After you install the utilities, the next step is to configure a kube-context that points to and authenticates to the target platform. On cloud platforms like GKE and EKS, this process is completely automated through their respective CLI utilities.
aws eks --region <region-code> update-kubeconfig --name <cluster_name>
gcloud container clusters get-credentials <cluster-name>
In private clouds, this process will vary from organization to organization, however, the platform infrastructure team should be able to provide the target kube-context entry.

Preparing secrets

Once access to the target platform is confirmed, you can begin the preparation of the namespace. Typically the namespace that Collibra DQ is going to be deployed into is pre-allocated by the platform team.
kubectl create namespace <namespace>
There is a lot more that can go into namespace creation such as resource quota allocation, but that is generally a task for the platform team.

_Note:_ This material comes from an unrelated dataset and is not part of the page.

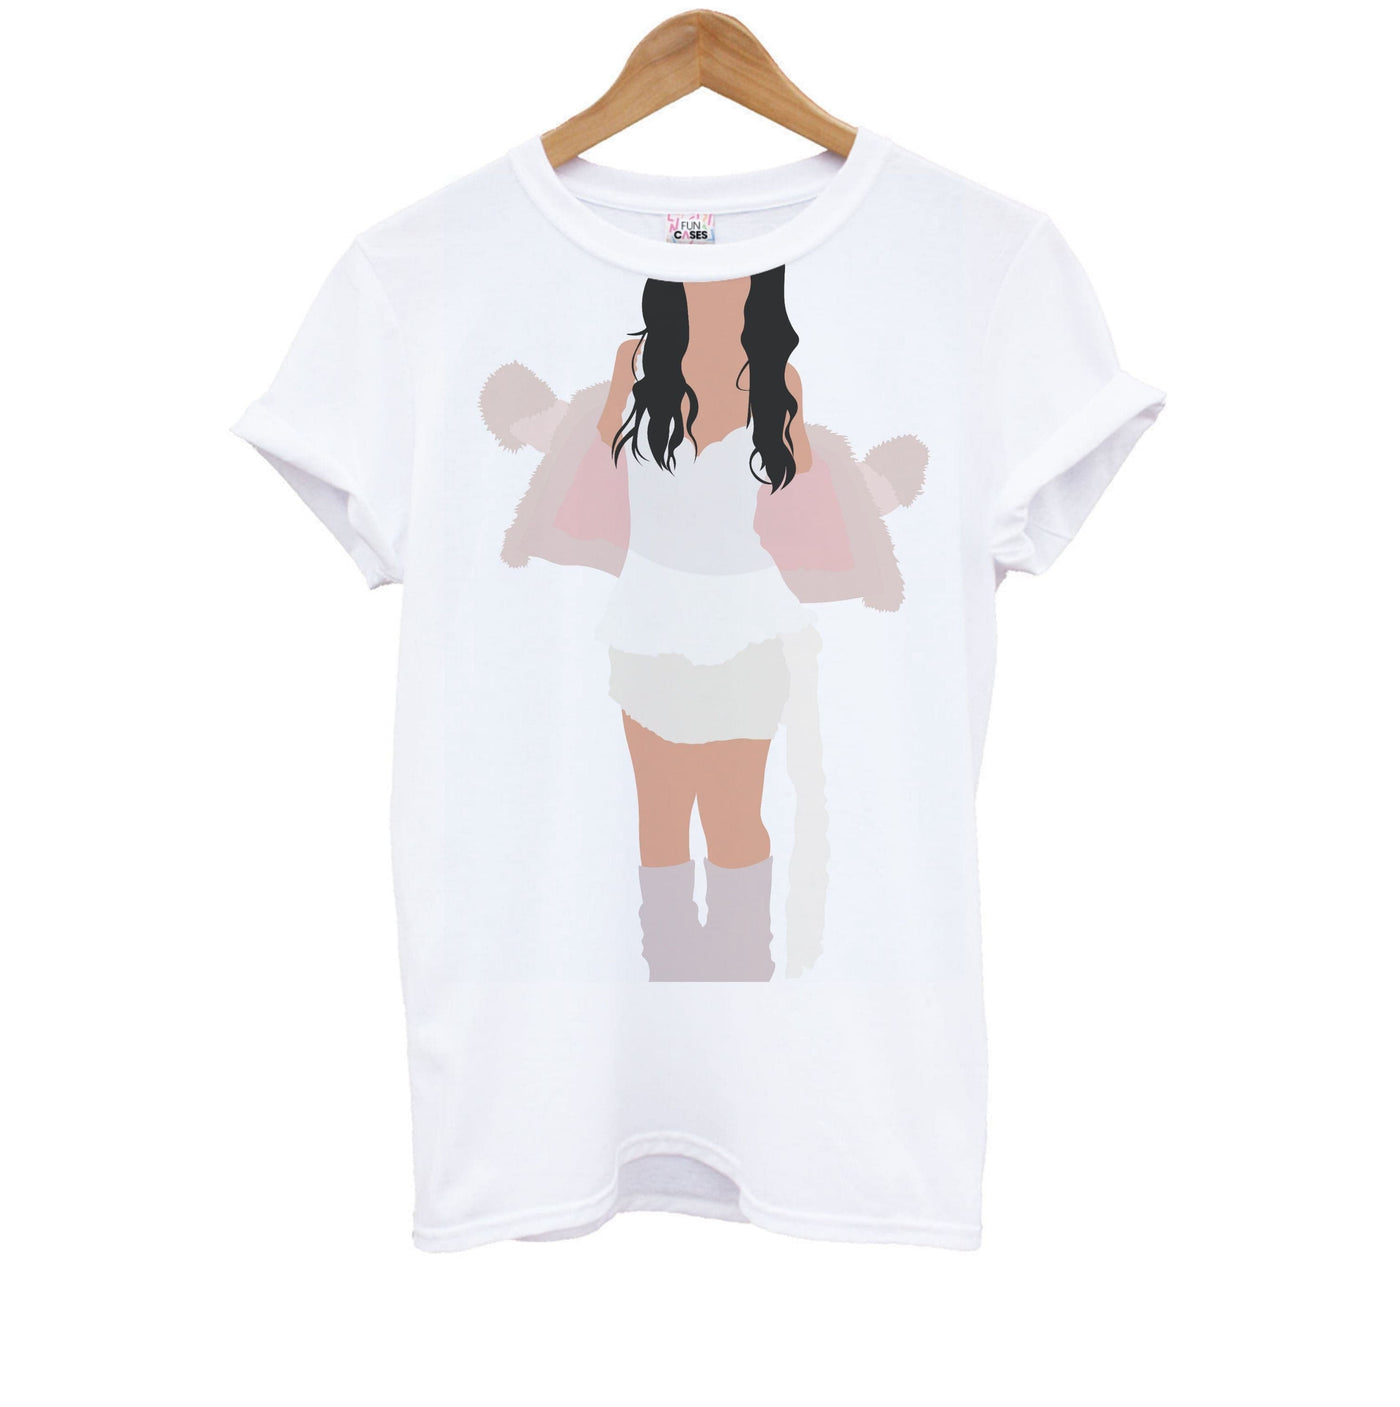 White Dress - Nessa Barrett Kids T-Shirt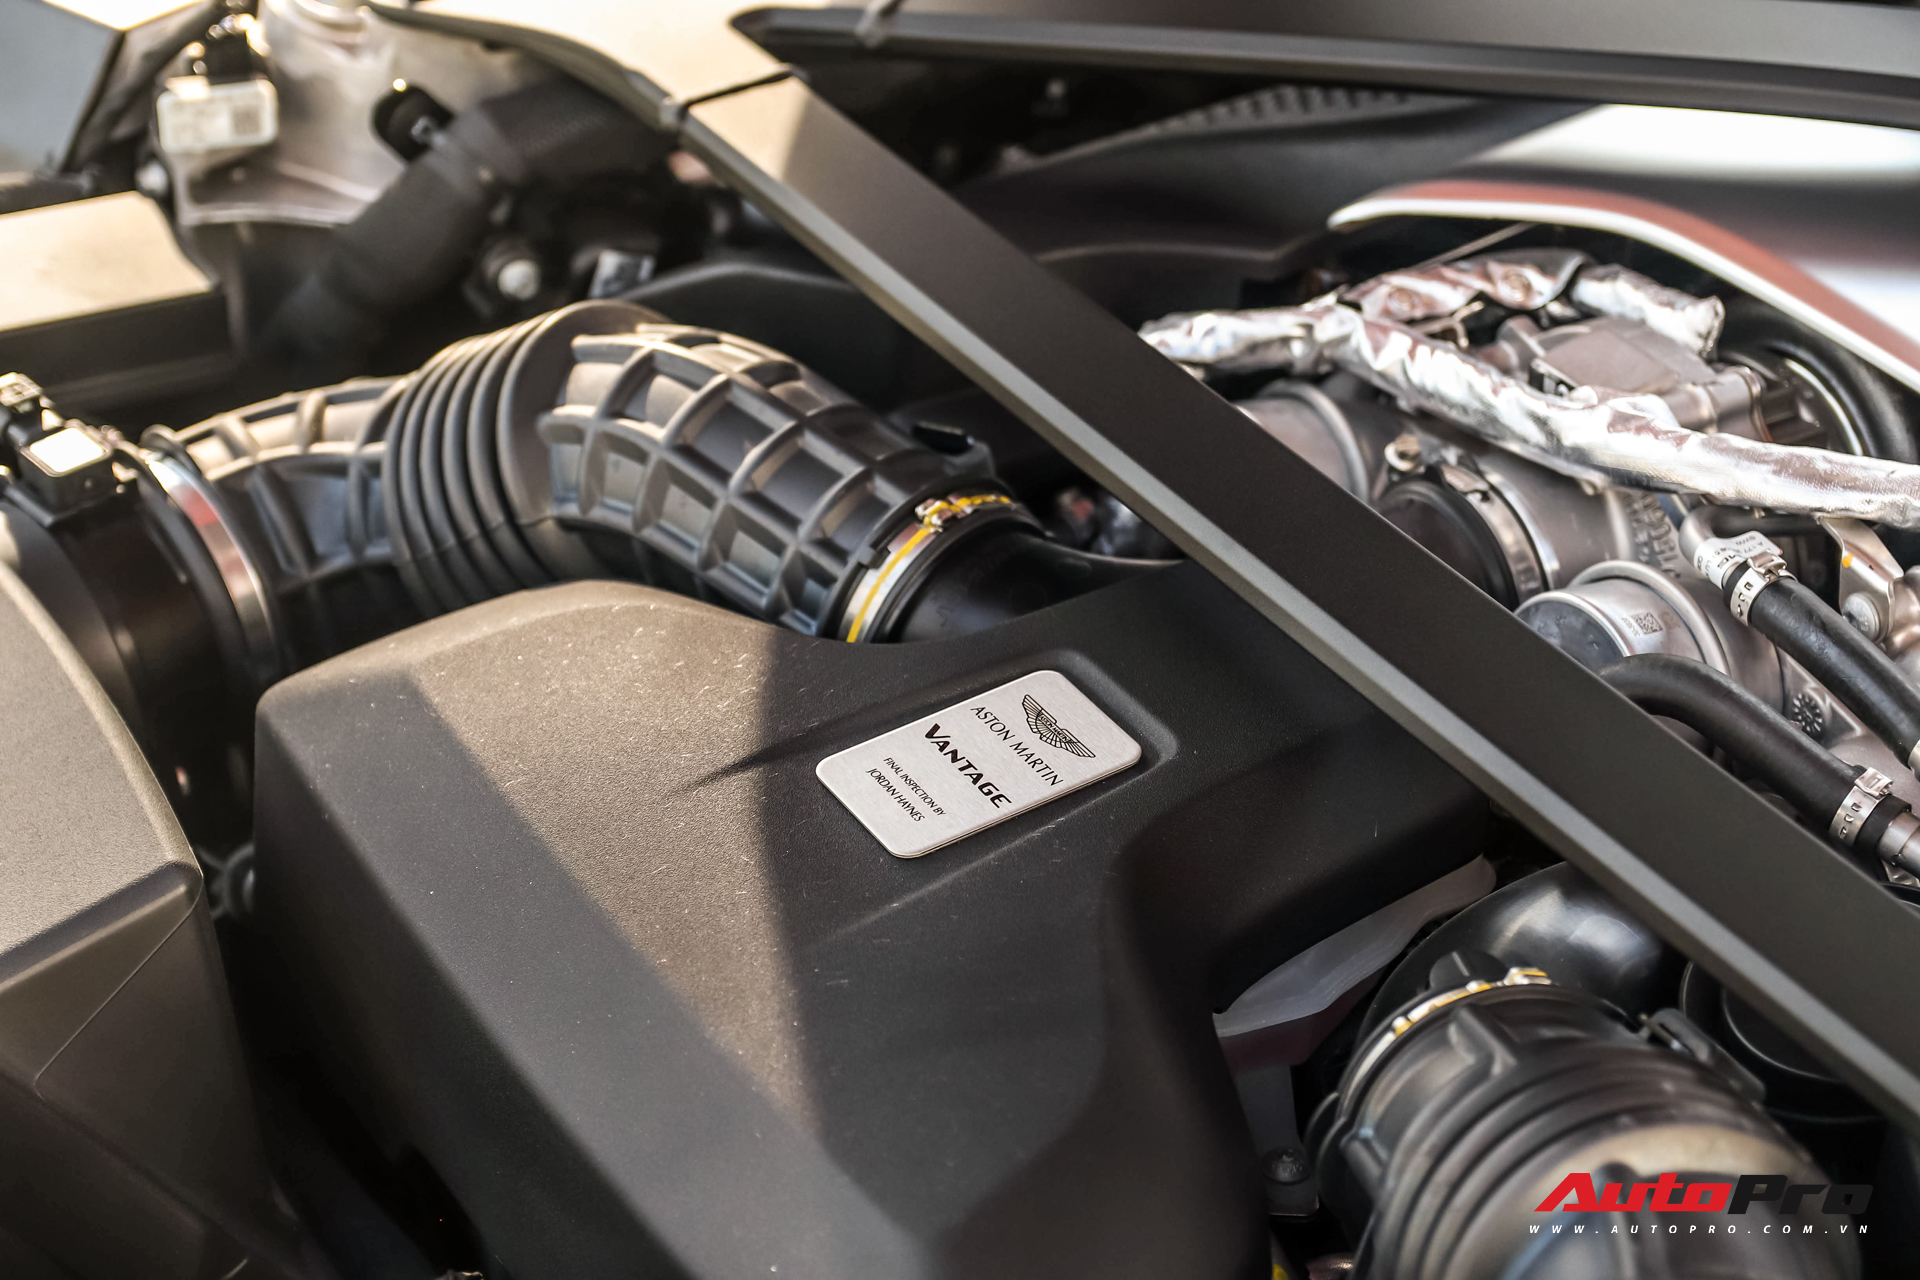 Kỳ công thiết kế decal, Minh Nhựa chia tay Aston Martin V8 Vantage, có thể dọn chỗ đón siêu xe mới giống Nguyễn Quốc Cường - Ảnh 4.

Create an SSL keystore secret

kubectl create secret generic owldq-ssl-secret \
--from-file /path/to/keystore.jks \
--namespace <namespace>
The file name that you use in the --from-file argument should be keystore.jks. If the file name is anything else, you must include an additional argument specifying the keystore file name in the Helm command.

Create a container pull secret

JSON key file credential
Short lived access token
kubectl create secret docker-registry owldq-pull-secret \
--docker-server=<owldq-registry-server> \
--docker-username=_json_key \
--docker-email=<service-account-email> \
--docker-password="$(cat /path/to/key.json)" \
--namespace <namespace>
kubectl create secret docker-registry owldq-pull-secret \
--docker-server=<owldq-registry-server> \
--docker-username=oauth3accesstoken \
--docker-email=<service-account-email> \
--docker-password="<access-token-text>" \
--namespace <namespace>
GCP Oauth tokens are usually only good for 1 hour. This type of credential is excellent if the goal is to pull containers into a private registry. It can be used as the pull secret to access containers directly, however, the secret would have to be recreated with a fresh token before restarting any of the Colbra DQ components.

Create a GSC credential secret

kubectl create secret generic spark-gcs-secret \
--from-file /path/to/keystore.jks \
--namespace <namespace>
The file name that youuse in the --from-file argument should be spark-gcs-secret. If the file name is anything else, you must include an additional argument specifying the gcs secret name in the Helm command.